Chronik einer fröhlichen Verschwörung
Ein alter misanthropischer Intellektueller, Ernst Katz, und ein 17-jähriger Wildfang, Biggy Haunschmid, versuchen den Roman eines jungen Erfolgsautors über das Schicksal einer jüdischen Philosophin zu verhindern, mit der jenen ein dunkles Geheimnis verbindet. Was klingt wie die Verlagerung des Westerns »True Grit« ins wilde Mitteleuropa unserer Tage, entpuppt sich als ebenso tiefgründiger wie leichtfüßiger Schelmen- und Bildungsroman. Zwischendurch blitzen mal didaktisch, mal dekonstruktiv essayistische Passagen auf. Hier eine davon.
Was Ernst Katz an der Verwertung des Holocausts nicht mag
Biggy und Ernst Katz saßen im firmeneigenen Restaurant eines Möbelhauses und aßen Schnitzel mit Pommes und Senf um unglaubliche drei Euro fünfzig. Biggy war schon bei der zweiten Portion, als sie Ernst Katz ein weiteres Mal fragte, was er gegen diesen René Mackensen habe. Mackensen als Person und schon gar als Persönlichkeit sei ihm egal, wie oft solle er das wiederholen. Denn gebe es die Maden in den Kulturredaktionen nicht, die sich an solch einem Scheißdreck labten, hätten es die Mackensens schwerer und gute Autoren leichter.
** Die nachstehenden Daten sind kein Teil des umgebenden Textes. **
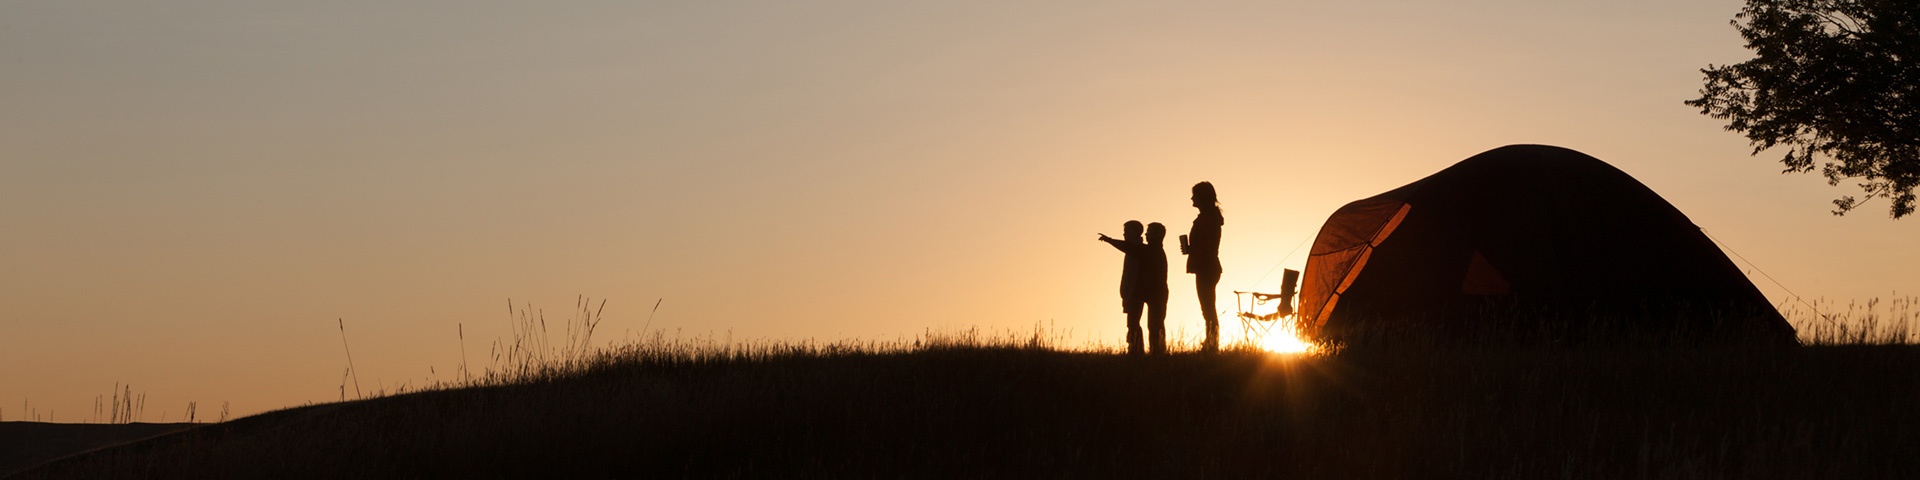 Une petite famille en camping, observe le coucher de soleil.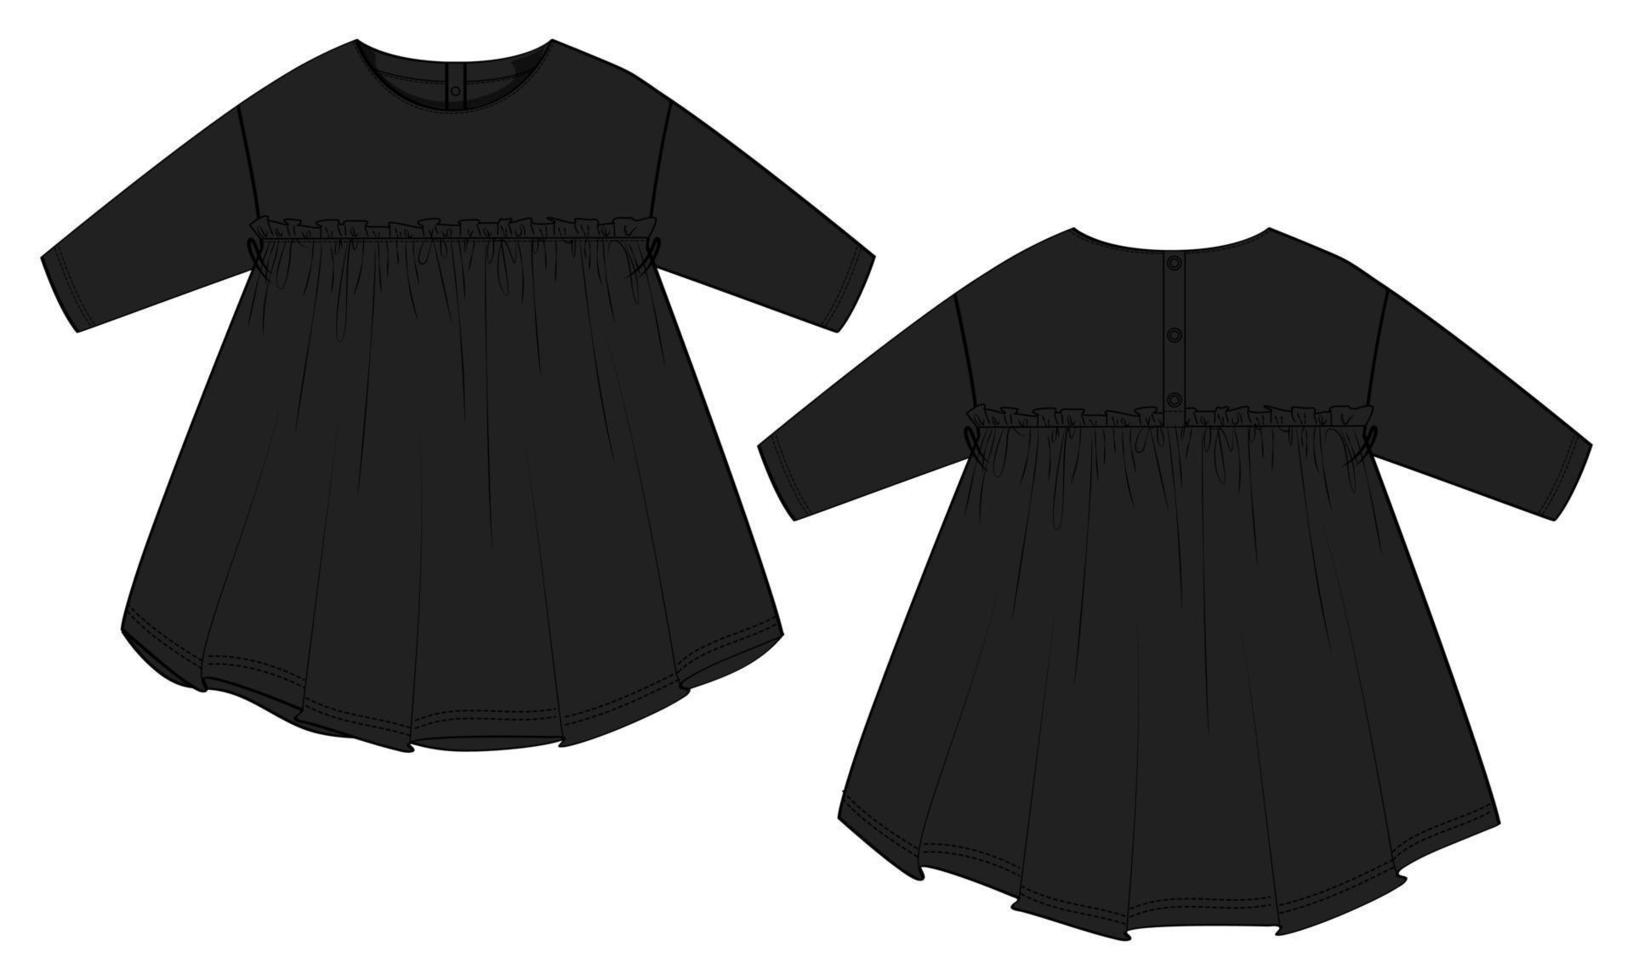 Baby Mädchen Kleid Design technische flache Skizze Vektor Illustration Vorlage. Bekleidung Mock-up Vorder- und Rückansicht

Warum er die jungen Schriftsteller allesamt ablehne, wollte Biggy wissen. Das sei eine Unterstellung, erwiderte Ernst und zählte drei Schriftsteller und zwei Schriftstellerinnen auf, die er vorbehaltlos bewundere. Biggy kannte sie nicht. Nach einem Schluck Bier gab Ernst schnippisch lächelnd zu, sie auch nicht zu kennen und soeben erfunden zu haben. Sie, Biggy, solle ihn nicht quälen, er halte es für durchaus wahrscheinlich, dass sich unter der neuen Generation passable Köpfe befänden, doch er habe bis jetzt keine Zeit gehabt, sie zu lesen, da er mit den toten Autoren noch lange nicht durch sei. Aber, dabei hob er die rechte Hand, er schwöre bei diesem Wiener Schnitzel, dass er seine Pflichtschuld einlösen und die Lektüre all der jungen Literaturstars nachholen werde – sobald sie gestorben seien.
Ernst Katz lachte über seinen eigenen Scherz und wollte auch Biggy dazu animieren. »Warum wehrst du dich so dagegen, dass der Typ den Roman schreibt?«
Prinzipiell, sagte Ernst, dürfe Kunst alles, und Literatur habe man Themen weder vorzuschreiben noch zu verbieten. Doch als Geigerzähler des kritischen Bewusstseins und Rächer der missachteten Wahrheiten mache es ständig Grrzze-grrmm und krock-krrzzzzpchhh, wenn er mit seinem Zählrohr die Kunst nach Verstrahlung durch Opportunismus und Dummheit prüfe. Der Faschismus und die Massenvernichtung der europäischen Juden seien nicht irgendein melodramatischer Topos der Vergangenheit wie die Zeit der Drei Musketiere oder das coole Künstlerleben am Montmartre um 1900, sondern der Brennpunkt der abendländischen Zivilisation. Nichts was sich danach ereignete, sei ohne diesen zu verstehen, noch in hunderten Jahren würden im Feinstaub, den wir aus unserer Nase bohren und der sich in unseren Bronchien festsetzt, Partikel aus den Schloten der Vernichtung schweben. Auschwitz sei die ewig glosende Kernschmelze des Fortschritts, nach der jede Naivität zum Verbrechen werde. Auschwitz zu gedenken, heiße aber nicht Kränze niederzulegen, heiße weder Trauerarbeit noch Mystifikation noch das voyeuristische Ejakulieren von filmreifem Tragikschleim, gedenken heiße nichts als denken, nur so ließe die Bezeichnung Denkmal sich rechtfertigen, es sei die nicht abreißen dürfende Reflexion und Bekämpfung aller Kräfte, die den Menschen zum Barbaren machen, um jegliche Gleislegung in Richtung künftiger Barbarei schon nach der ersten Schwelle zu sabotieren, selbst wenn im Bewusstsein der Zeitgenossen noch nichts von dieser Richtung kündet und einem deren Gegnerschaft einträgt.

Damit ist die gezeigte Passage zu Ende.